Can LLMs be Effective Code Contributors? A Study on Open-source Projects
GPT-4o, Ministral3, and Qwen3-Coder scored 0% to 60% success on 212 commits.
A new study from researchers tested three major LLMs—GPT-4o, Ministral3, and Qwen3-Coder—on 212 real-world commits across eight open-source projects like FFmpeg and wolfSSL. The success rate varied wildly, from 0% to 60% depending on the project. LLMs failed in multiple ways: generating syntactically incorrect code, failing static verification, and not passing project test suites. They particularly struggled with creating new code (not just fixing existing), handling code contexts outside a certain size range, and often succeeded only by parroting training data patterns.
The findings suggest current LLMs are far from being reliable code contributors for production-grade open-source projects. The researchers developed a framework using verification and validation to evaluate LLM suitability for fixes or features. This exposes a gap between LLM-generated code's popularity and its actual effectiveness in complex, real-world codebases. For developers, this means relying solely on LLMs for contributions could introduce significant risk, especially in large projects with strict quality standards.
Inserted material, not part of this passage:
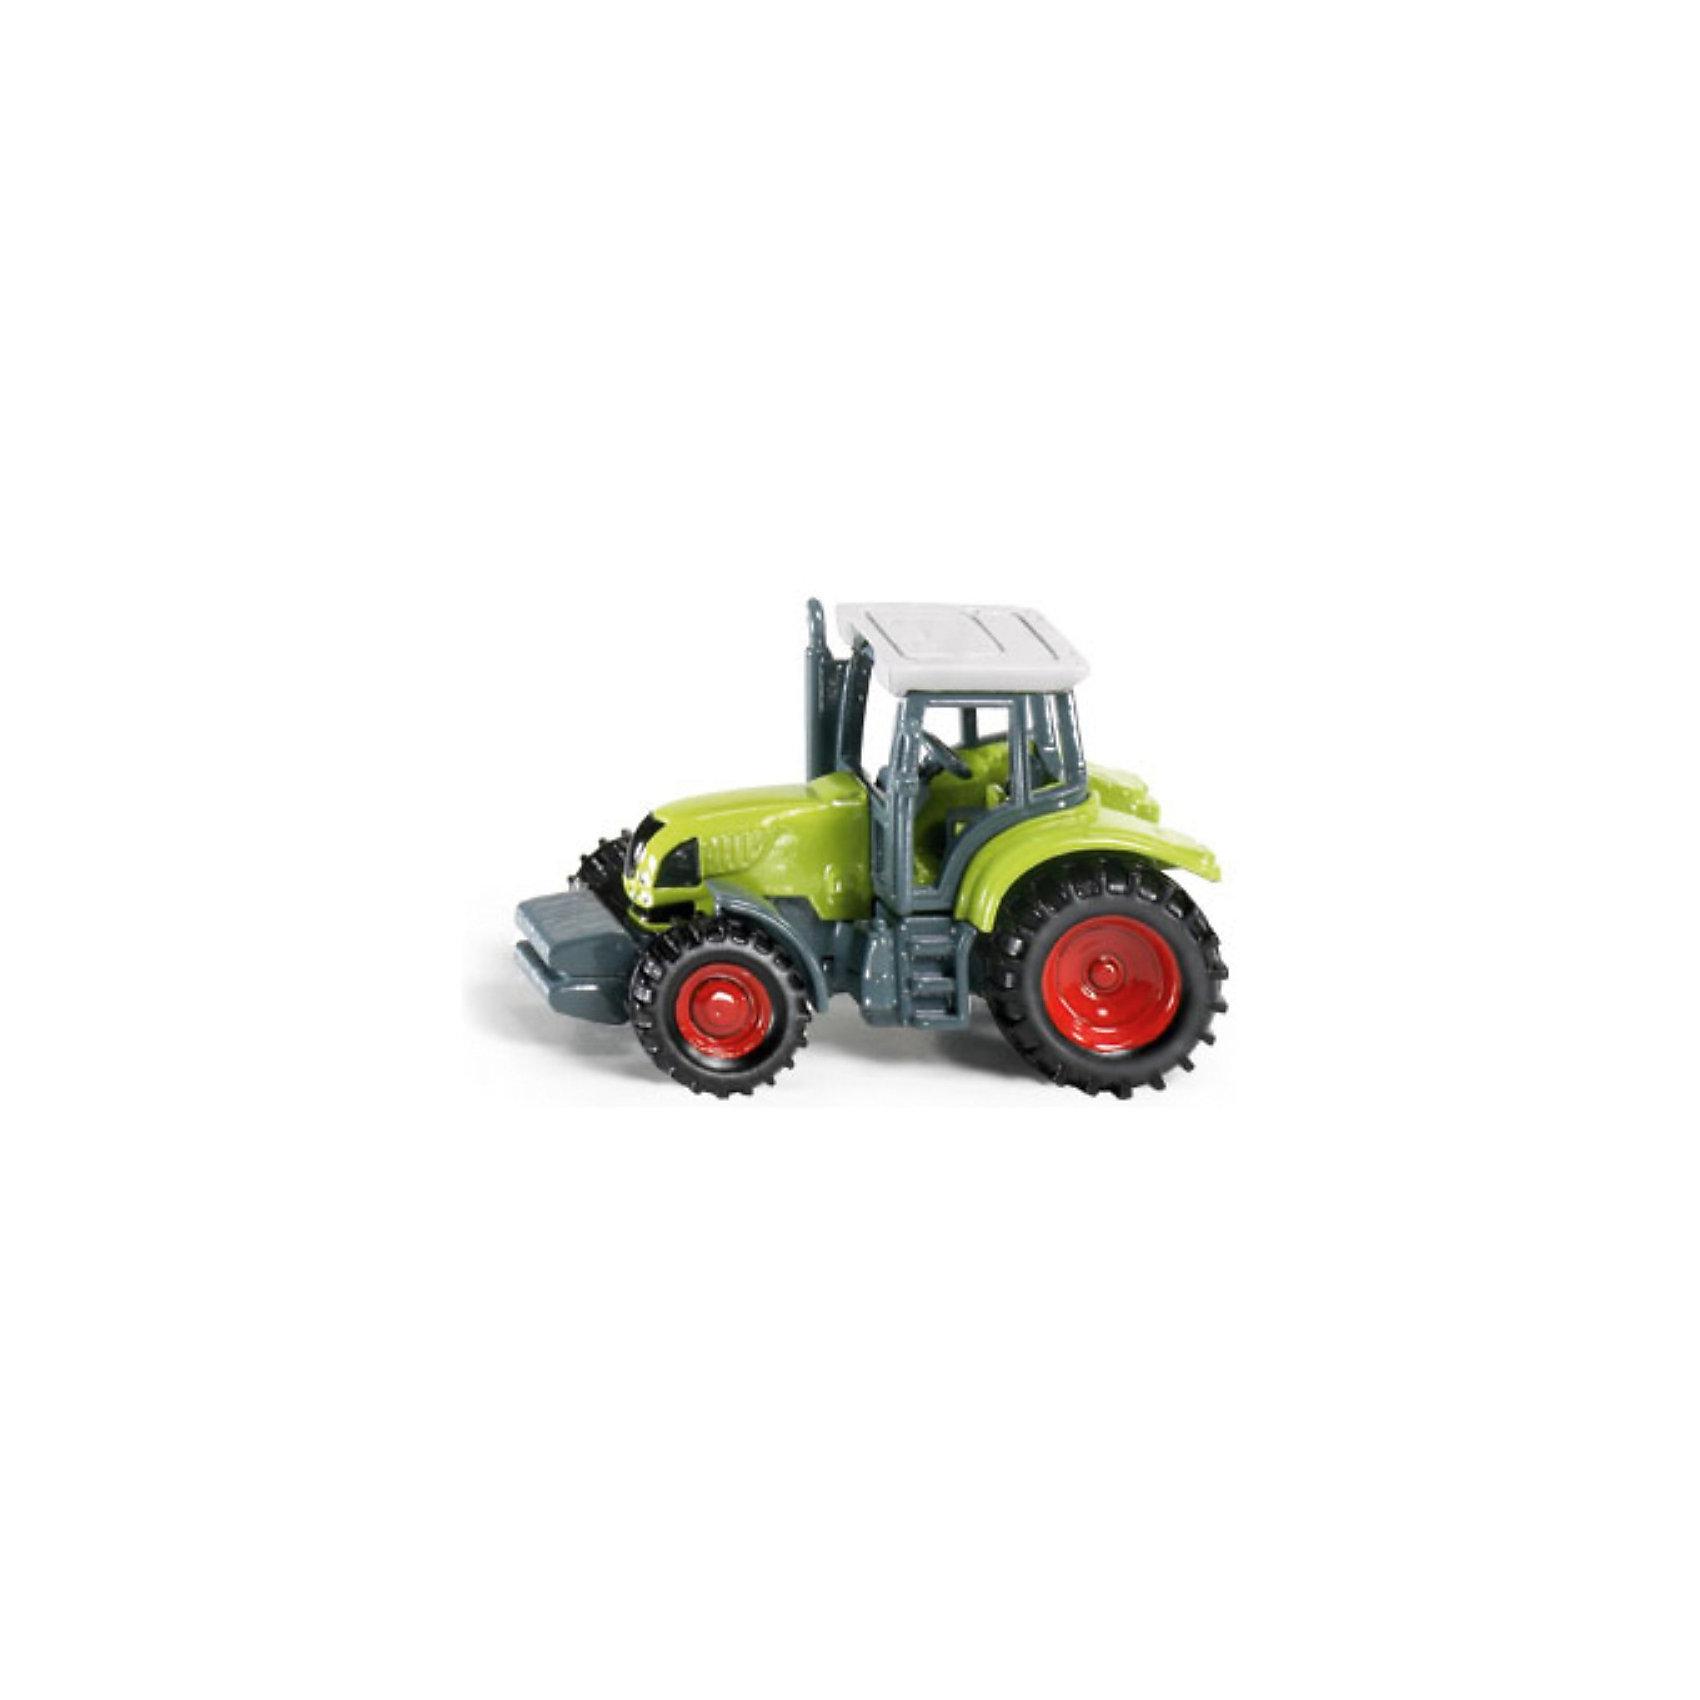 SIKU 1008 Трактор Claas Ares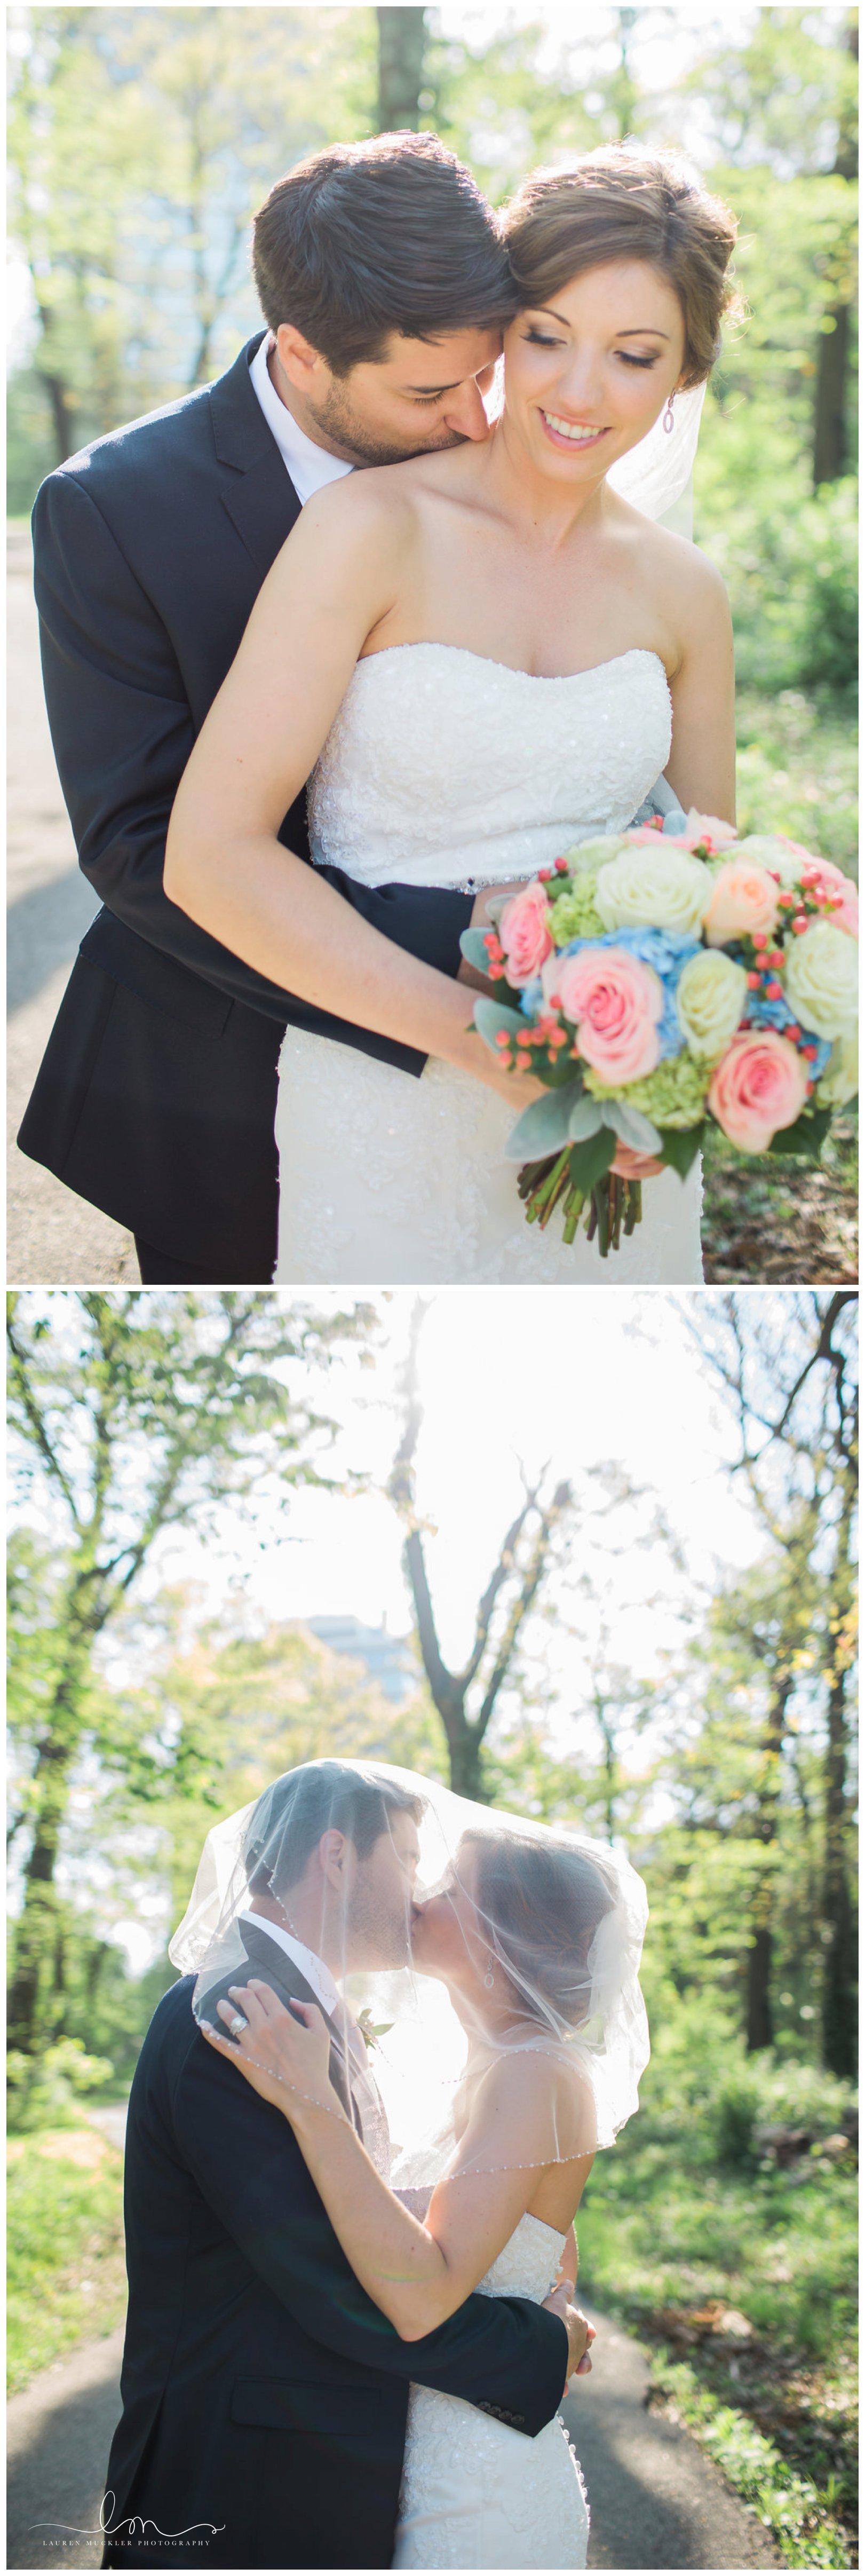 lauren muckler photography_fine art film wedding photography_st louis_photography_0021.jpg

- GPT-4o, Ministral3, and Qwen3-Coder tested on 212 commits across 8 open-source projects like FFmpeg and wolfSSL.
- Success rates ranged from 0% to 60% depending on the project, with failures including syntax errors and test suite failures.
- LLMs struggled with generating new code and handling large contexts, often succeeding only by parroting training data.
Why It Matters
Highlights critical limitations of LLMs for production code, urging caution in developer workflows.